25 A.3d 1308, 2011 Pa. Commw. LEXIS 375, 2011 WL 3274079
CourtCommonwealth Court of Pennsylvania
DecidedAugust 2, 2011
Docket2509 C.D. 2010
StatusPublished
Cited by3 cases

This text of 25 A.3d 1308 (Reed v. Commonwealth, Department of Transportation, Bureau of Driver Licensing) is published on Counsel Stack Legal Research, covering Commonwealth Court of Pennsylvania primary law. Counsel Stack provides free access to over 12 million legal documents including statutes, case law, regulations, and constitutions.

Bluebook
Reed v. Commonwealth, Department of Transportation, Bureau of Driver Licensing, 25 A.3d 1308, 2011 Pa. Commw. LEXIS 375, 2011 WL 3274079 (Pa. Ct. App. 2011).

Opinion

OPINION BY

Judge BROBSON.

Appellant Pennsylvania Department of Transportation, Bureau of Driver Licensing (DOT), appeals from an order of the Court of Common Pleas of Huntingdon County (trial court). The trial court sustained a statutory appeal filed by Troy F. Reed (Licensee) from DOT’s suspension of Licensee’s motor vehicle operating privileges. DOT issued an order suspending Licensee’s operating privileges based upon his alleged refusal to submit to blood alcohol testing. We affirm the trial court’s order.

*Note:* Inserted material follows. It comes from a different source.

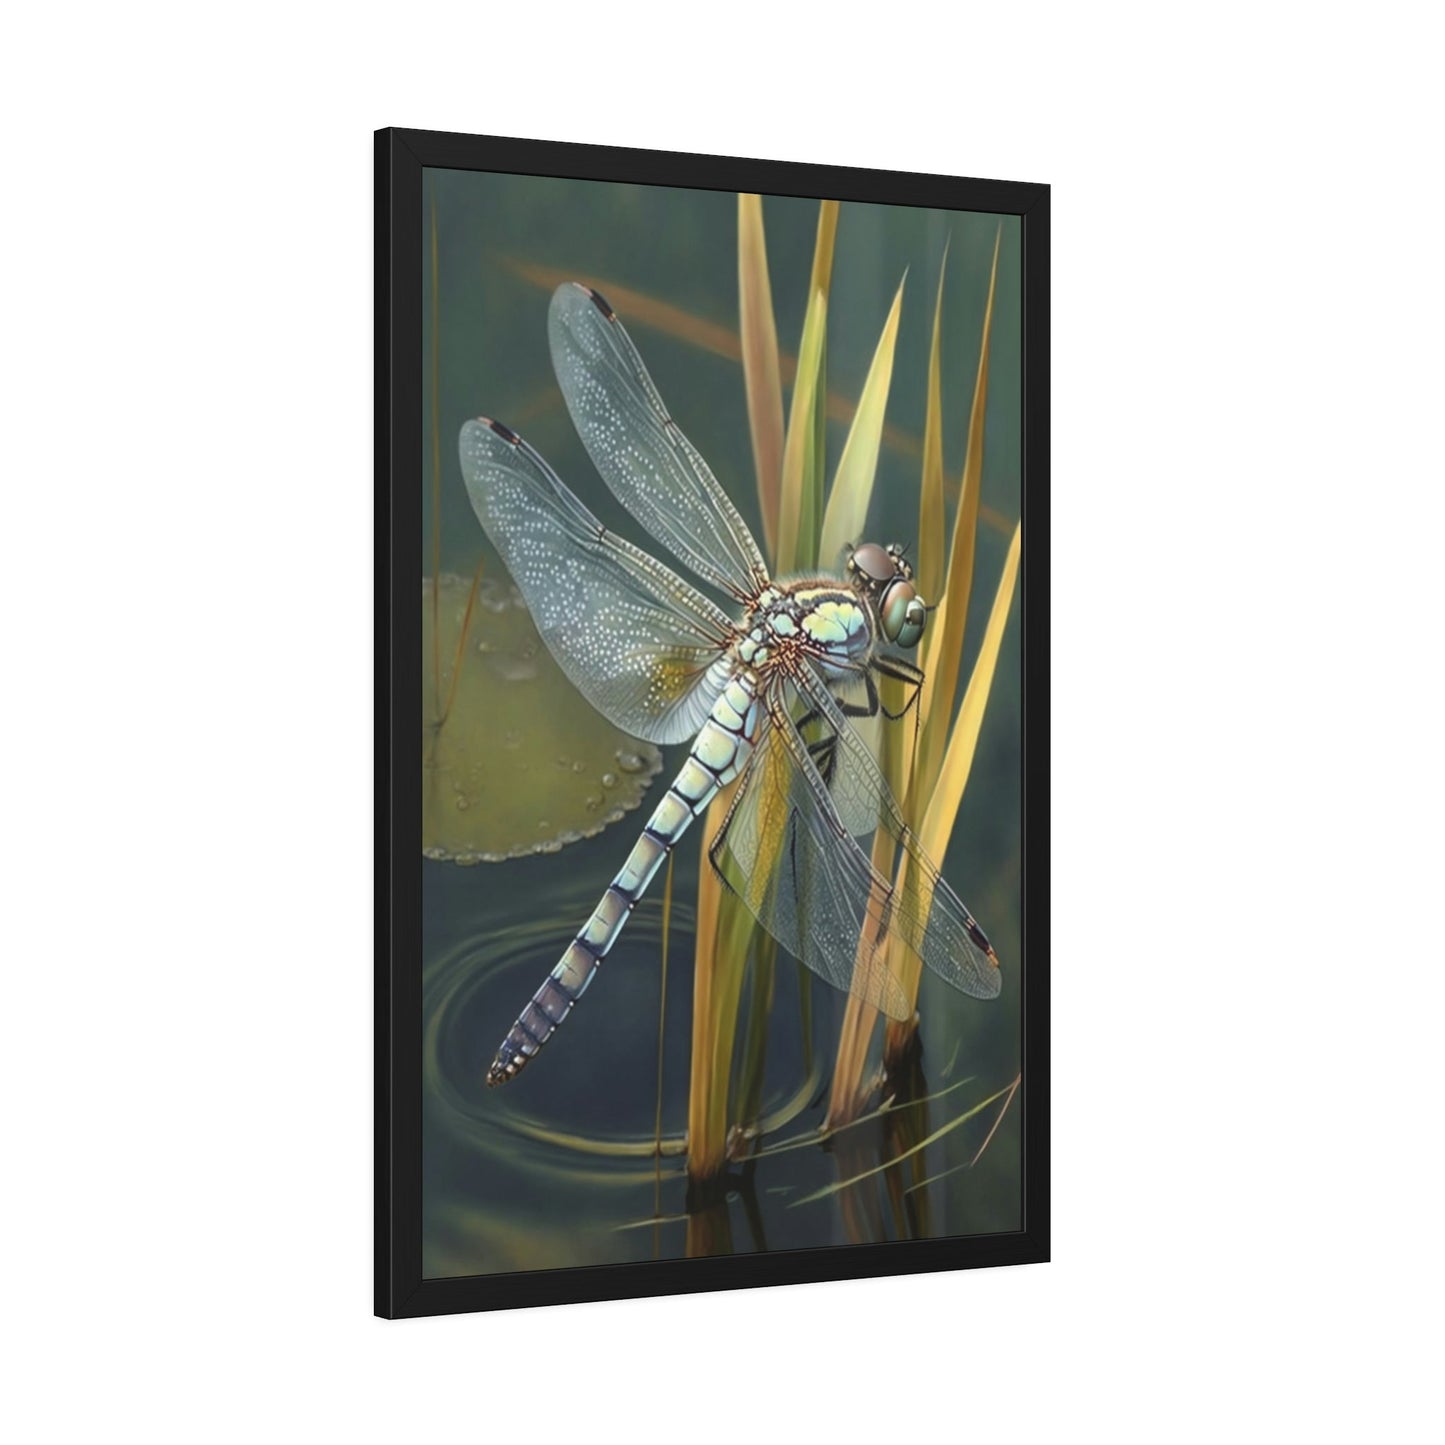 Dragonfly's World: A Framed Poster of These Lovely Insects

By letter dated April 15, 2010, DOT sent a notice of suspension to Licensee, indicating that, based upon his refusal to submit to chemical testing, DOT was suspending his license for eighteen (18) months under section 1547(b)(1)(h) of the Motor Vehicle Code. 1 Licensee appealed to the trial court, which conducted a hearing on Licensee’s appeal.

At the hearing, DOT had the burden to prove the following elements in support of its suspension of Licensee’s driving privileges: (1) a police officer arrested Licensee based upon reasonable grounds to believe that Licensee was driving under the influence of alcohol; (2) the officer asked Licensee to submit to chemical testing; (3) Licensee refused to submit to such testing; and (4) the officer provided a warning to Licensee that his failure to submit to testing would result in the suspension of his license. Banner v. Dep’t of Transp., Bureau of Driver Licensing, 558 Pa. 439, 737 A.2d 1203 (1999).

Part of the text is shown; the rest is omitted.